The crowd favorite was, as we expected, our Aladdin medley. This song took five tunes from the popular Disney movie and put them in a jazz setting. There are crunchy chords, syncopated rhythms and a walking bassline layered with melodies that people recognize and appreciate. We always have a lot of fun with that song because we can incorporate voices and animations that add a new dimension of entertainment.
As we were singing this medley, a group of people gathered in the doorway and even from the stage I could see smiles spread across their faces. Drawing people in with our music like that reminded me of why I enjoy singing so much — especially with this group of people. Seeing people start to understand that jazz music isn’t just saxophones and trumpets (although that is a huge part of it) is always such a rewarding feeling.
5:00 p.m. - We moved all of our gear to the Memorial High School auditorium for our second concert of the day. This stage gave us a lot less room to spread out on because multiple instruments and microphones already set up for the jazz band combos that also performed in the concert. We scrunched together in the front of the stage for our mic check and ran through our song that we would be performing — a jazzy rendition of “September” by Earth, Wind and Fire. Personally, this is one of my favorite songs in our set because I have known this song for a long time and to be able to sing it in a completely different style is so much fun for me.

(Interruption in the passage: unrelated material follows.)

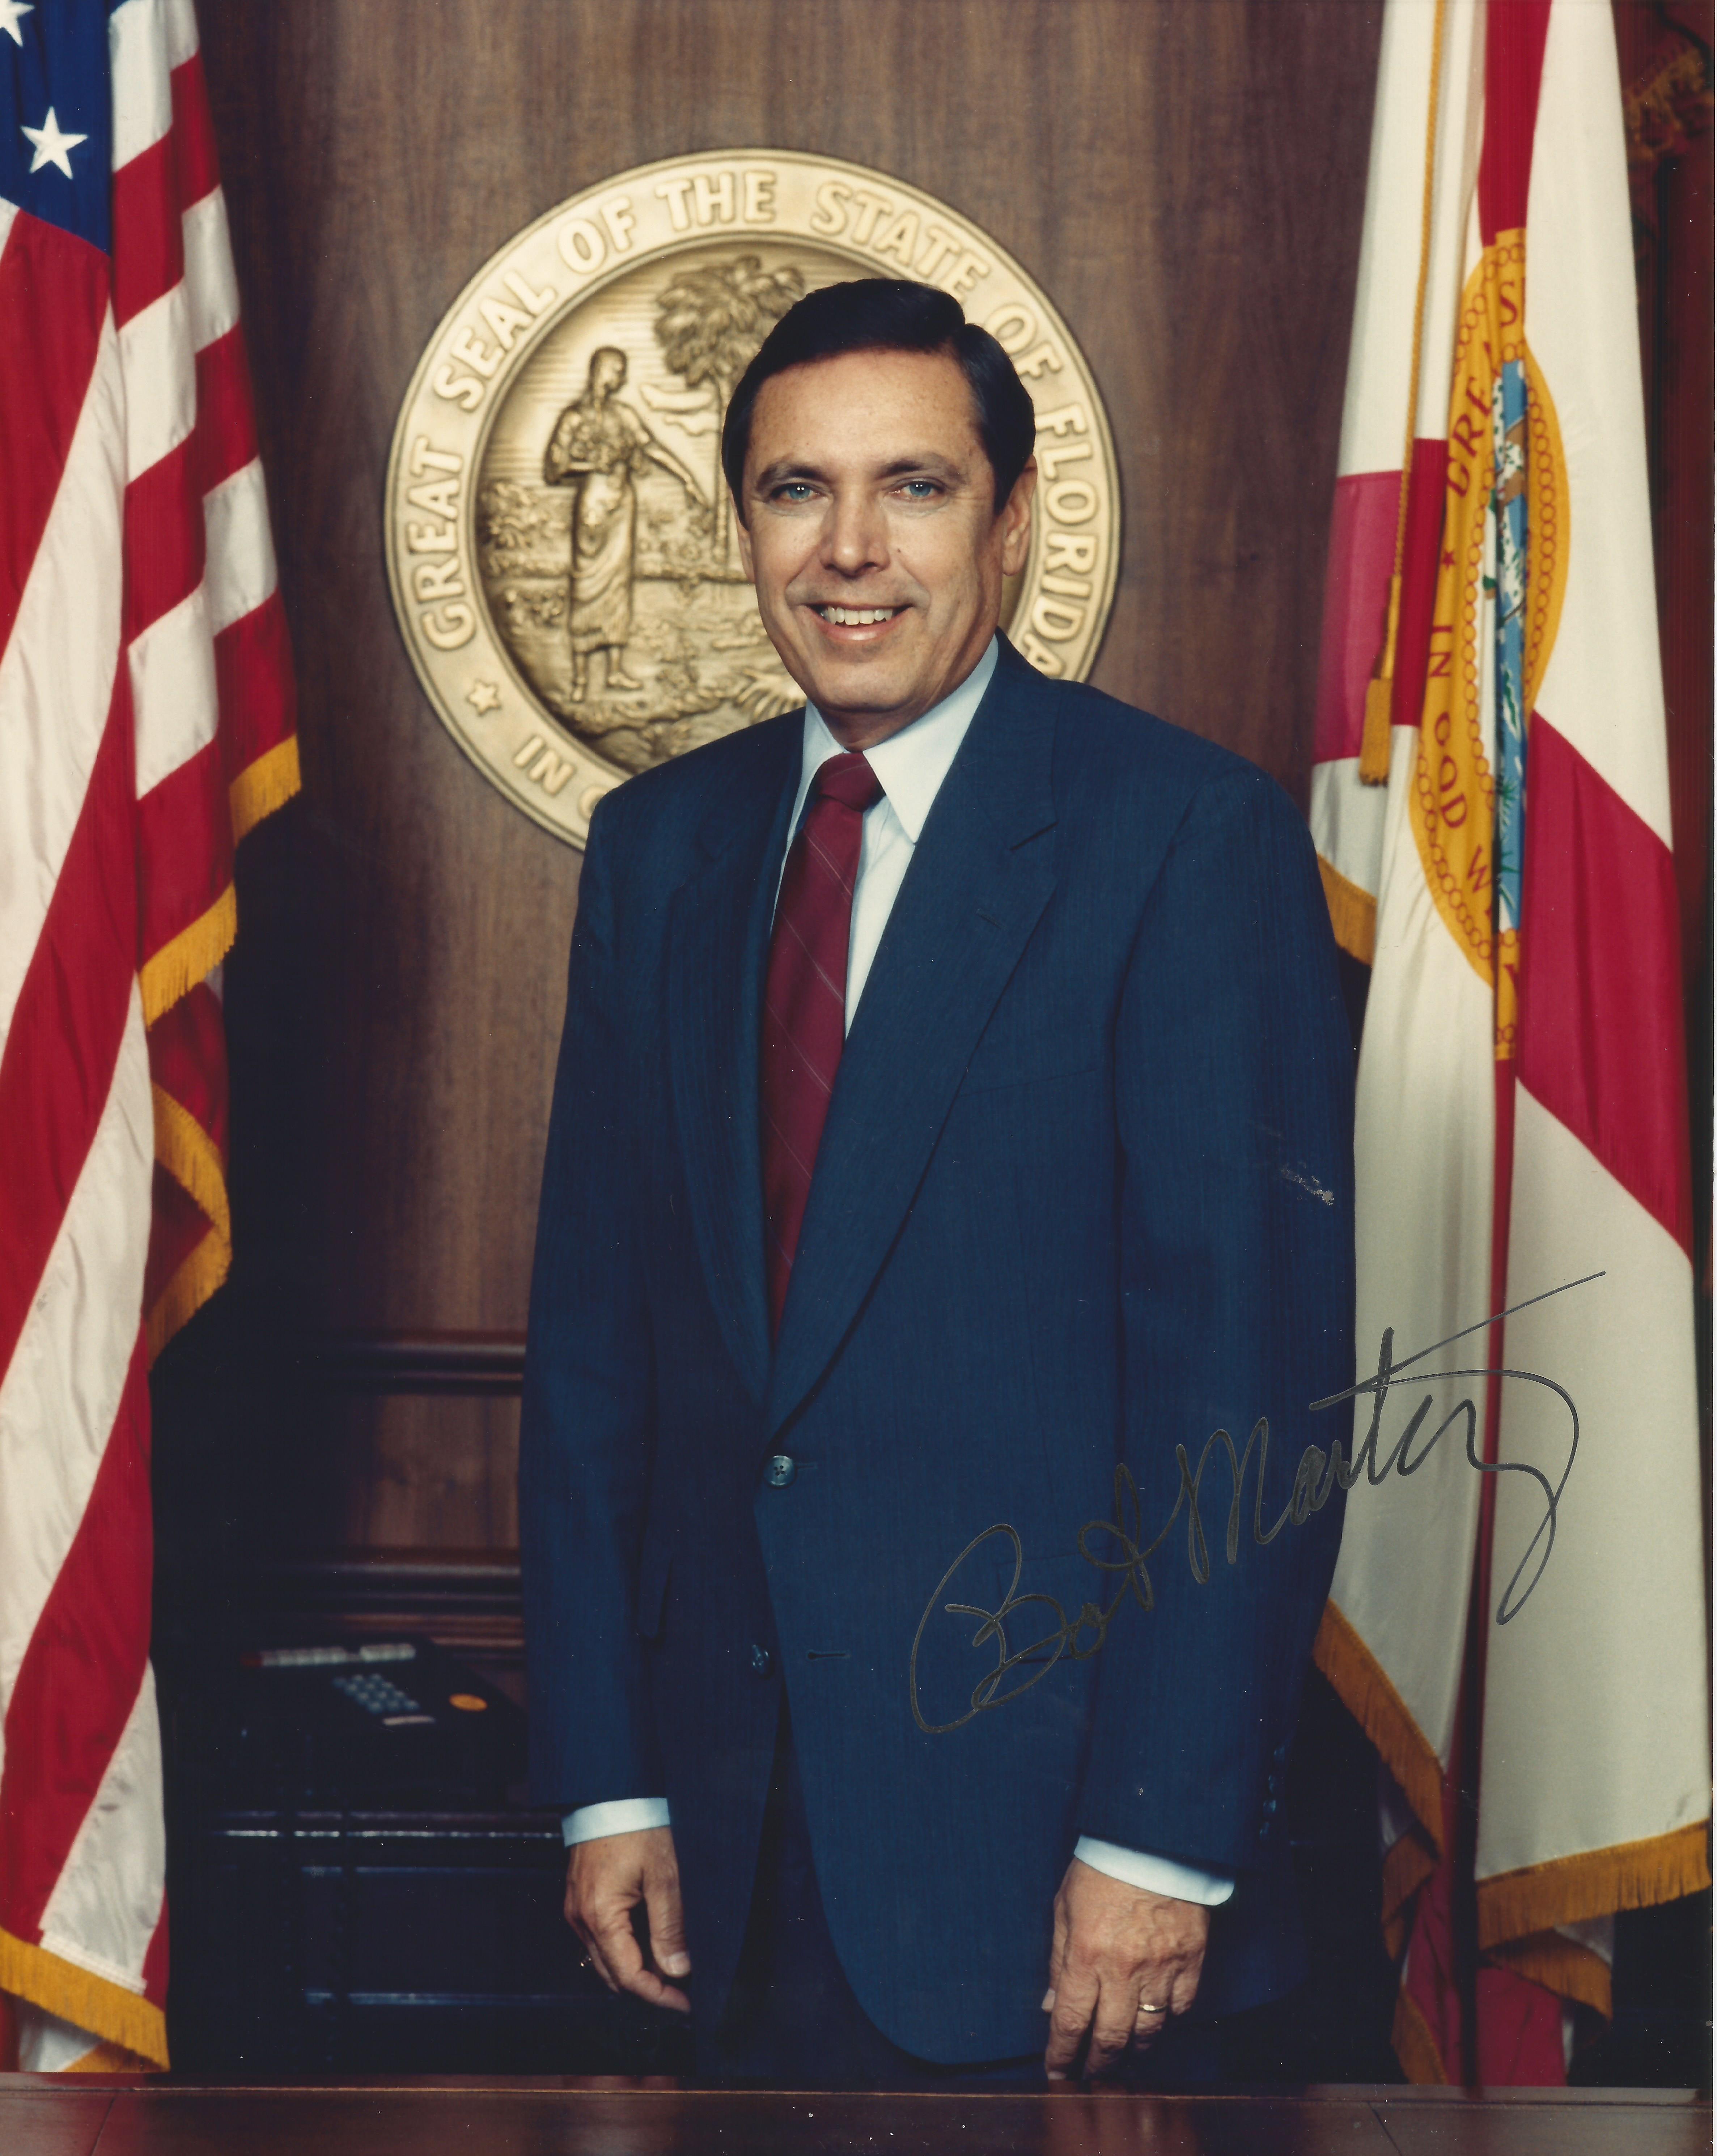 FL Gov Bob Martinez signed photo

5:45 p.m. - After our sound check, we met up in the school’s orchestra room, which had been transformed into our evening dining area. Volunteers from the city were working to get everything set up for dinner. They weren’t quite ready for us, so we decided to serenade the volunteers with a song that we sang in our earlier concert. It was an a capella chart that was a medley of different folk songs called “Country Dances.” They loved it and told us how much they enjoyed our impromptu performance as we went down the line to get our chicken and biscuits.

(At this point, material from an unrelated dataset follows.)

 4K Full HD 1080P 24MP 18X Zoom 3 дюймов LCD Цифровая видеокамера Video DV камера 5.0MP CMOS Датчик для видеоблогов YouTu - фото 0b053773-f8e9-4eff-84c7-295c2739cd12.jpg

7:20 p.m. - We had about ten minutes before we hit the stage, so we all spent that time preparing however we felt comfortable. For a bunch of us, myself included, it involved dancing in the middle of the hallway to get the jitters out of our system before we walked on the stage.

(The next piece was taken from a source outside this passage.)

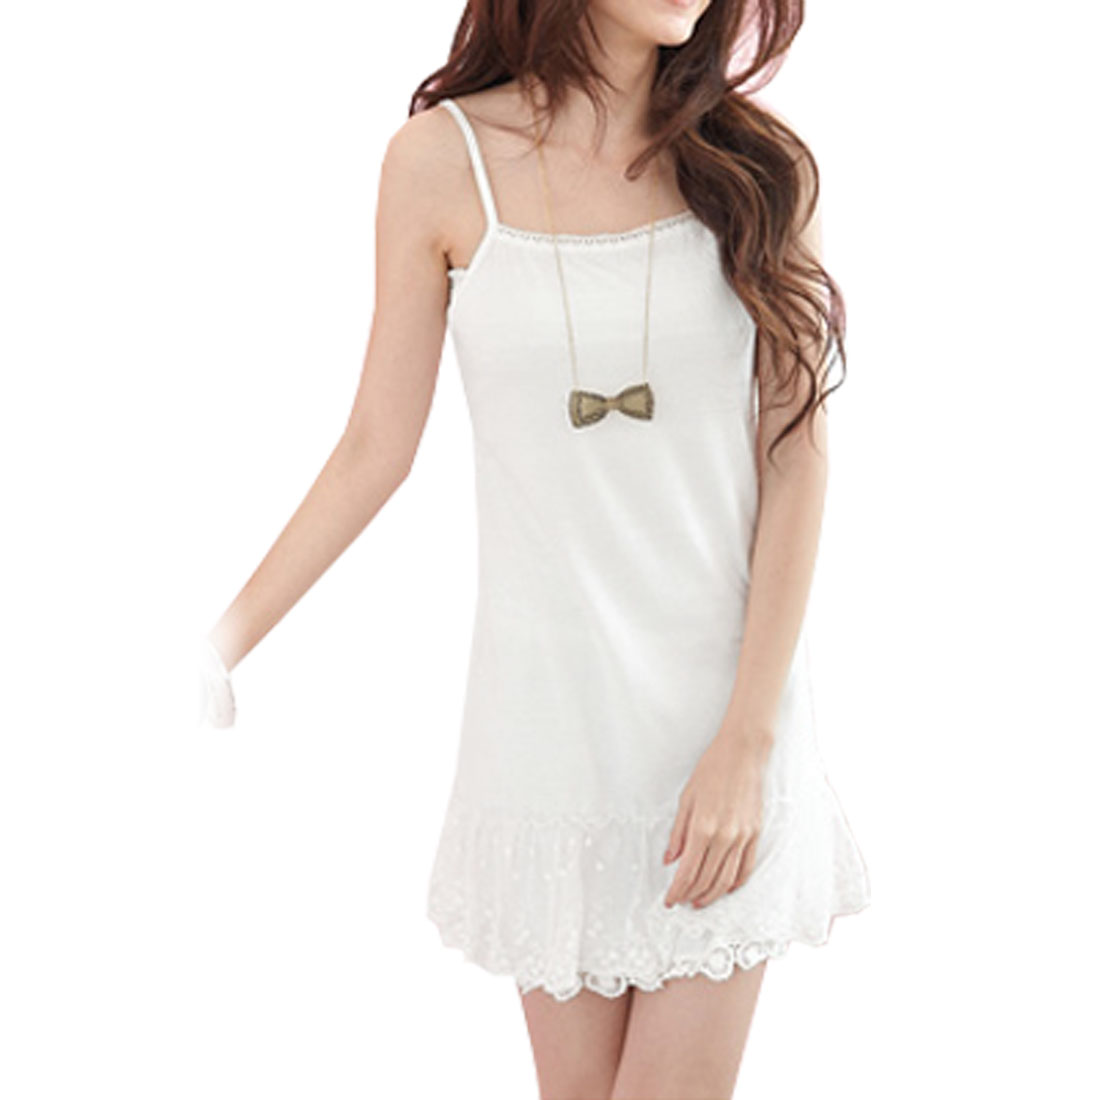 Women Sleeveless Solid White Basic Spaghetti Dress XS

There was a slight snafu as we were waiting to go on; the emcee for the evening skipped over us and announced the hometown Eau Claire jazz band instead. Everyone in the audience got really excited to see their beloved band perform and then got the rug pulled out from beneath them, so to speak. We were all a little nervous how they would react to us after that small hiccup.
7:30 p.m. - Show time. As we stood on stage in front of a dark auditorium full of strangers, my heart started pounding to let me know we were about to begin. I listened for the piano as it rolled our first chord. My brain quickly jumped ahead to my next couple of notes to remind myself of where I was going as I slowly raised my microphone to my lips. I looked off the front of the stage to see our director with her hands in the air, as she gave us our tempo. With a swift flick of the wrist, we were off.
The song went off without a hitch on our end. It was the best we had ever sung it and the audience responded really well to us. There were a few small things that were not our responsibility, like microphones not being turned up when they needed to be. But all in all, it went incredibly well. It was such an honor to be brought in so that people could hear jazz in a whole new light. It’s what we do on a regular basis, but some people had never known that you can take a pop song, like “September,” and turn it into a jazzy number.
Exhausted, sore and kind of cranky, we got back in our cars and headed back up north to Duluth. We had to wake up early the next morning to do even more singing for a rehearsal for our upcoming Cabaret show. A singer's work is never done.